Sam took his cracked phone and texted John the details. Once he had, the head of security departed on his mission and Sam was left to ponder everything. Was it the right decision to go searching for the child immediately? Had he really thought any of it through for long enough to warrant going in search of the boy so soon? And what would the media make of all of this if they got a sniff? His affair with Claire during Marya’s last days was sure to get out if he found the boy and presented him in some way to the world. And what were his plans when he did find the child? Would he immediately attempt to enter the boy’s life? Or would he hold off, introduce himself gradually? What would he say to Jess?
His mind spun in ever-increasing circles and, feeling heavy, he rested his head onto his outstretched arms, which lay across the desk. Soon the weight of everything got the better of him and he fell into a deep sleep.
CHAPTER THREE
“Wake up, Davey, we’re across the border,” Jules said softly into the back of the car, shaking the boy as he lay across the backseat in his blanket, driving with his other hand, his eyes momentarily off the road, Juliette asleep in the passenger seat beside him. At the crossing, the guards had even been kind enough not to wake the old woman and the boy, and merely allowed Jules to fetch their passports for the guards to take a look at, as well as ask a few brief questions.

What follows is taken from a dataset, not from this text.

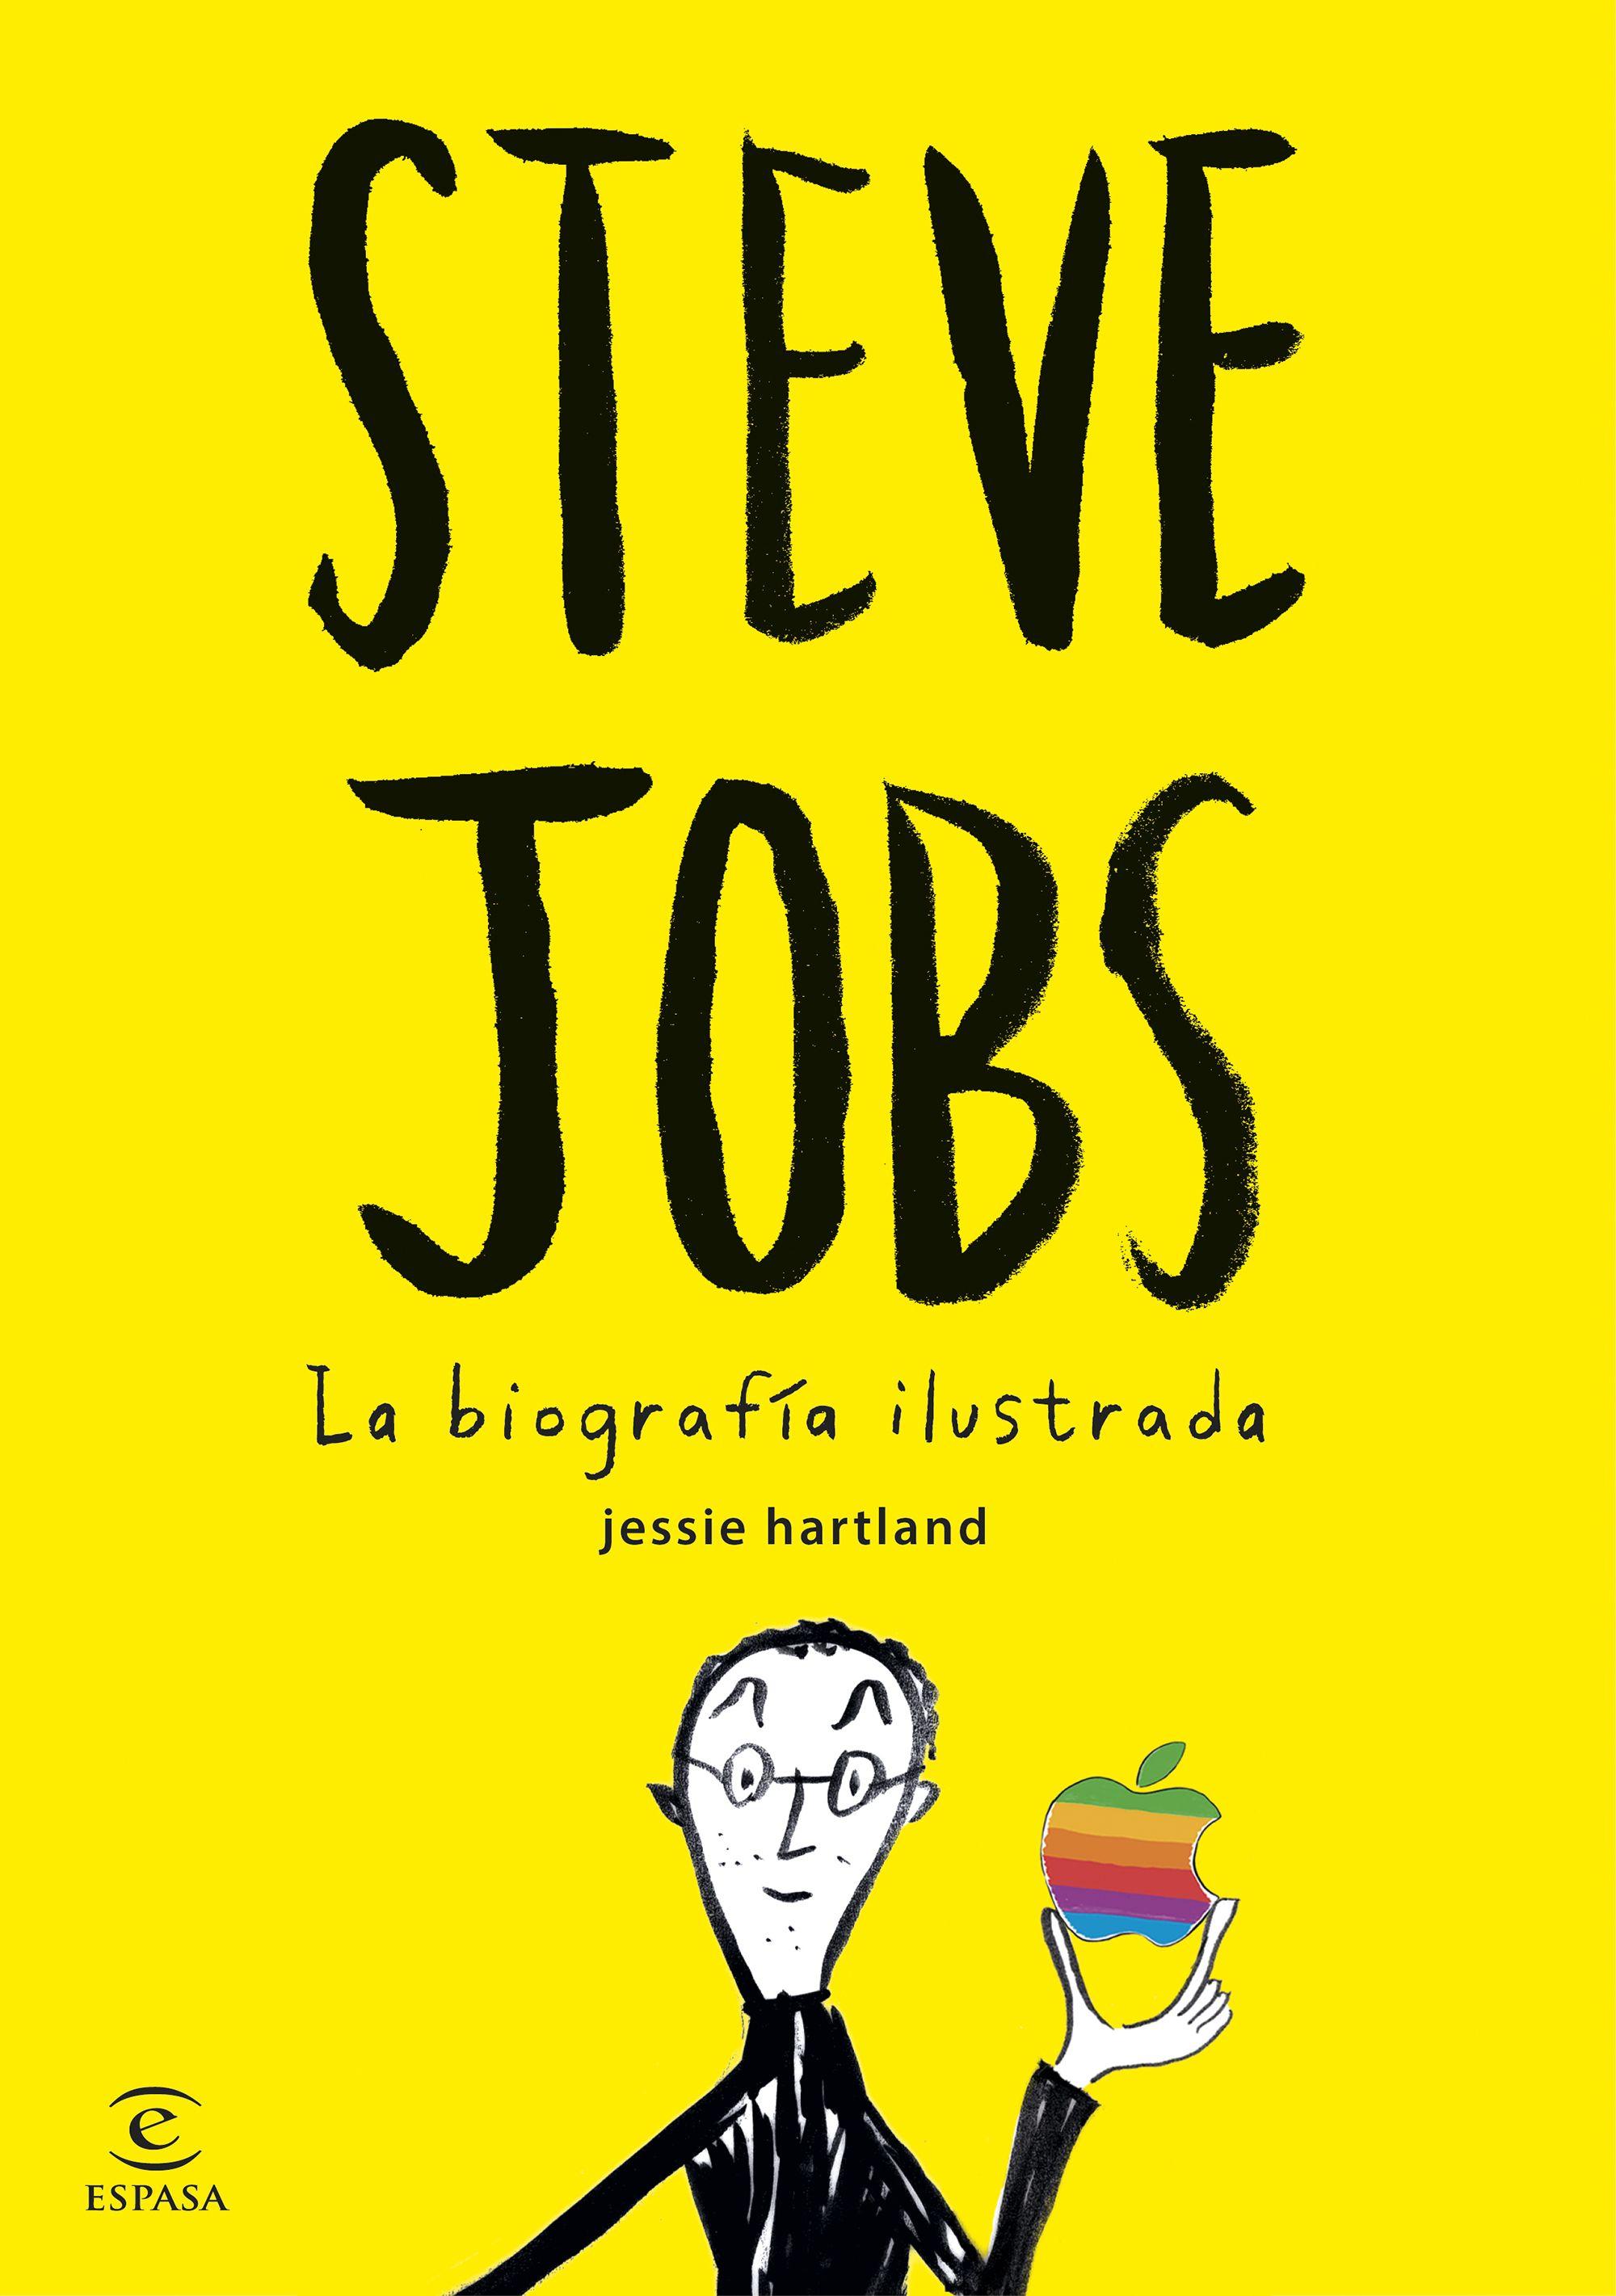 Steve Jobs La Biografia Ilustrada Jessie Hartland Comprar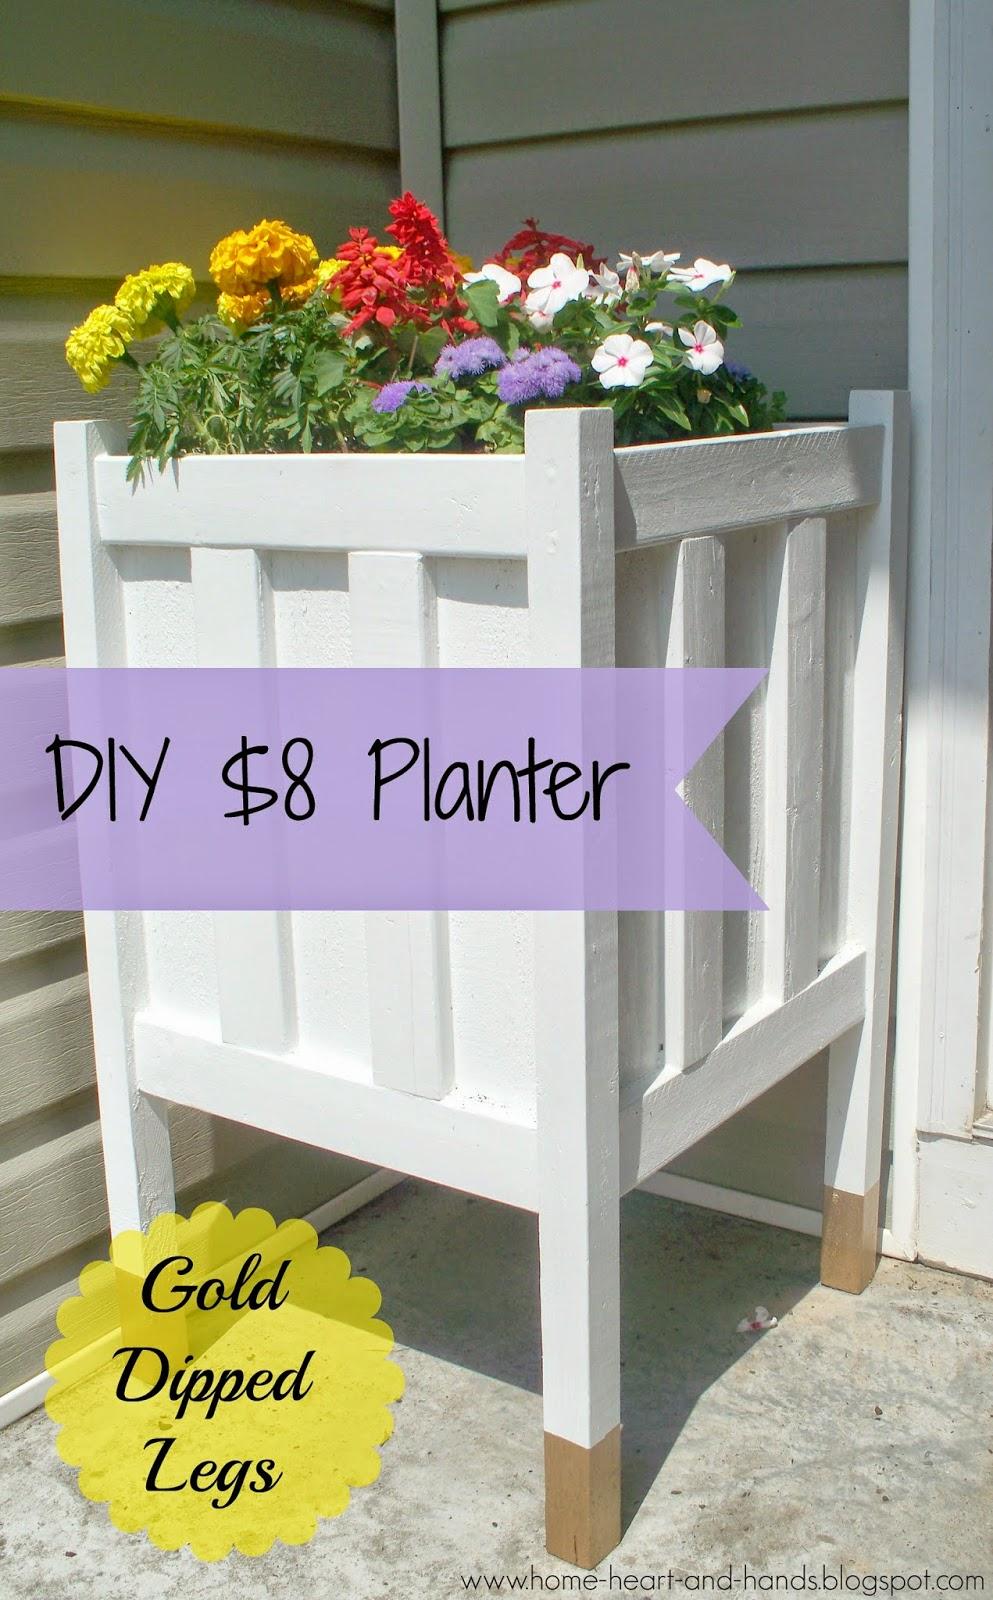 11 Decorate the Planters Personally Simphome com

David gradually roused and opened his eyes, sitting up as he did and rubbing them, the piercing early morning sun dashing in through the window in sharp streaks. Staring out at the open desert, his eyes slowly adjusting to the light, the boy was amazed to find that it all looked extremely similar to Southern California and Arizona when they’d visited those places.
“It looks just like back home, Pa.”
“Landscape’s all the same for the moment; we ain’t nowhere near the jungle. You wait till we reach a town. You’ll see it’s different then. Plus we only just crossed the border, so it’s gonna still look a lot like America.”